To get information about command line options type:

% phenix.refine --help

To have the program generate the input defaults file without running the refinement job (i.e. so you can modify the inputs prior to running the job):

% phenix.refine --dry_run <pdb-file> <reflection-file(s)>

If you know the parameter that you want to change you can override it from the command line:

% phenix.refine data.hkl model.pdb main.low_resolution=8.0 \
  simulated_annealing.start_temperature=5000

Note that you don't have to specify the full parameter name. What you specify on the command line is matched against all known parameters names and the best substring match is used if it is unique.

To rerun a job that was previously run:

% phenix.refine --overwrite lysozyme_refine_001.def

The --overwrite option allows the program to overwrite existing files. By default the program will not overwrite existing files - just in case this would remove the results of a refinement job that took a long time to finish.

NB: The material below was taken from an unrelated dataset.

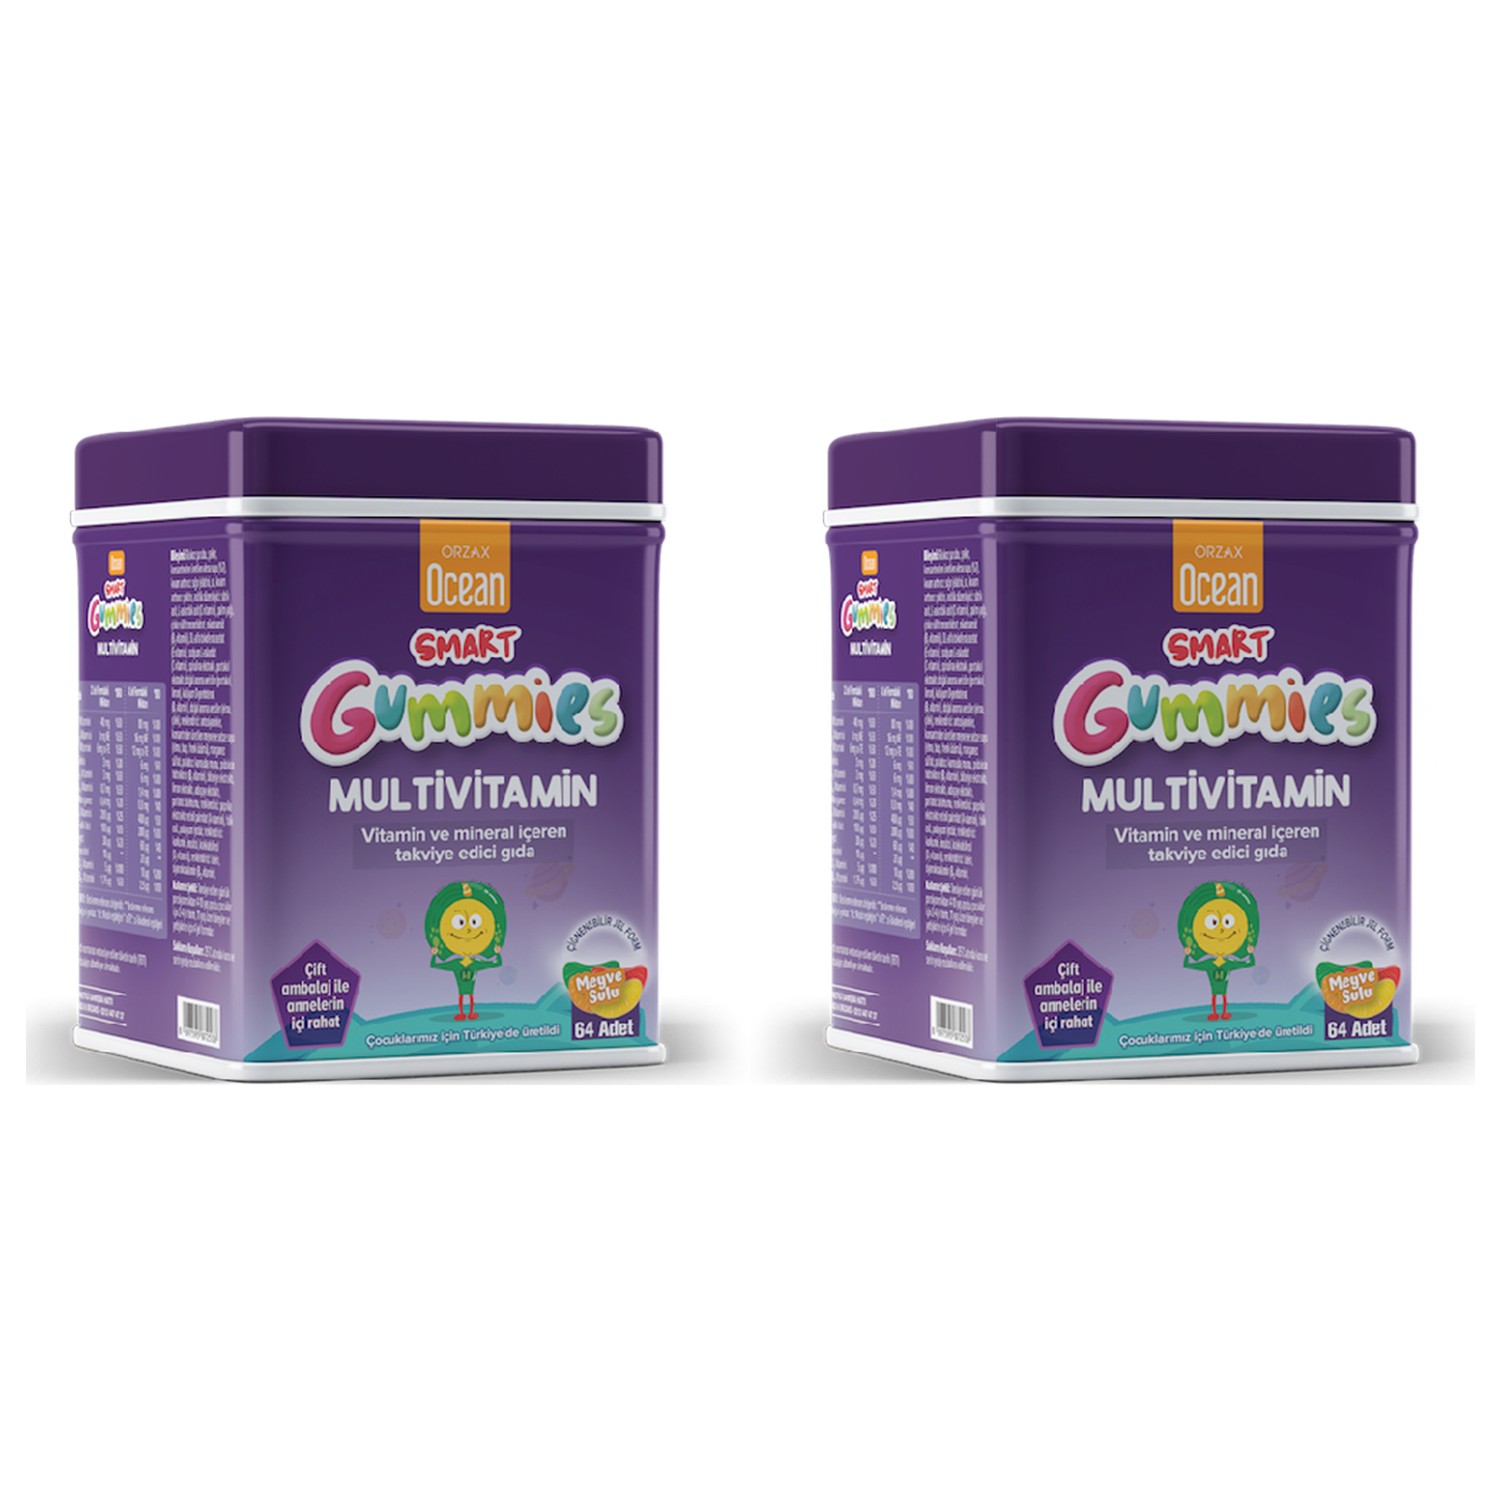 цена Пищевая добавка Orzax Ocean Smart Gummies Multivitamin Clenchable, 2 упаковки по 64 таблетки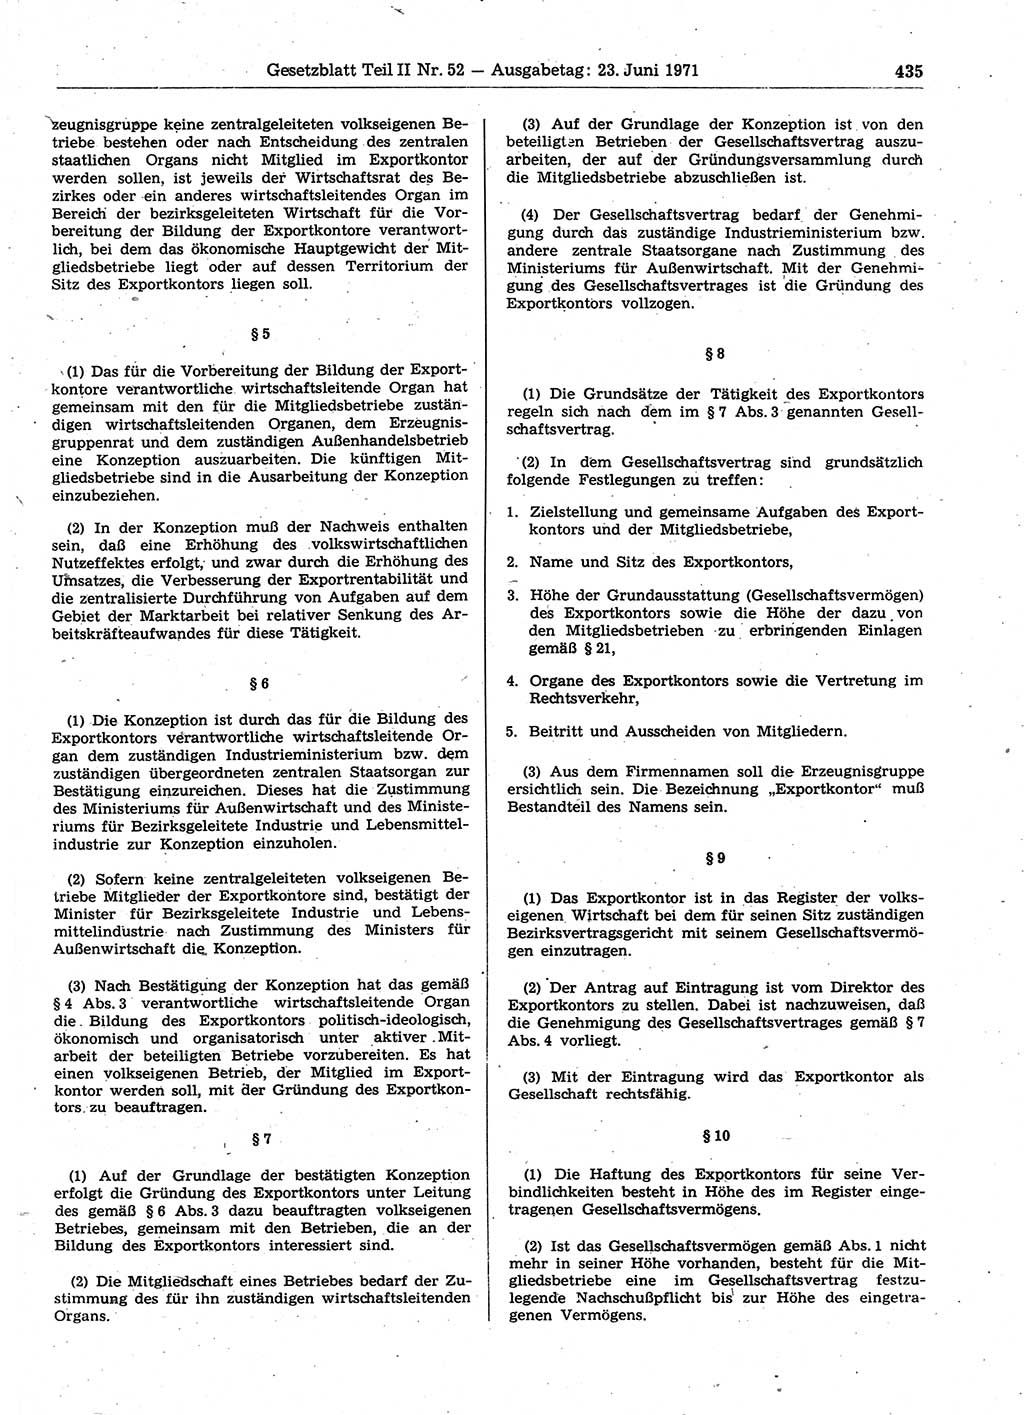 Gesetzblatt (GBl.) der Deutschen Demokratischen Republik (DDR) Teil ⅠⅠ 1971, Seite 435 (GBl. DDR ⅠⅠ 1971, S. 435)

To see all default parameters:

% phenix.refine --show_defaults=all

Current features

Restrained coordinate refinement
Restrained isotropic ADP refinement
Rigid body refinement
Bulk solvent correction (Flat model using mask) and anisotropic scaling
Simulated Annealing refinement
Make use of multiple refinement and scale target functions: least-squares (ls), maximum-likelihood (ml), phased maximum-likelihood (mlhl)
FFT (like CNS, Refmac) and direct summation (like SHELX) based refinement
Various electron density map (including likelihood-weighted) calculations
Simple structure factors calculation (with or without bulk solvent and scaling)
Combined automatic ordered solvent building, update and refinement
Complete model and data statistics output (including twinning analysis, Wilson B calculation and much more)
Group isotropic ADP refinement
TLS refinement
Combined TLS, coordinate and individual isotropic ADP refinement

Current limitations

No restrained individual anisotropic ADP refinement

Running phenix.refine

Refinement with default parameters:

% phenix.refine data.hkl model.pdb

By default this will perform coordinate refinement and restrained isotropic ADP refinement. Three macrocycles will be executed, each consisting of bulk solvent correction, anisotropic scaling of the data, coordinate refinement (25 iterations of the LBFGS minimizer) and ADP refinement (25 iterations of the LBFGS minimizer). At the end the updated coordinates, maps, map coefficients, and statistics are output.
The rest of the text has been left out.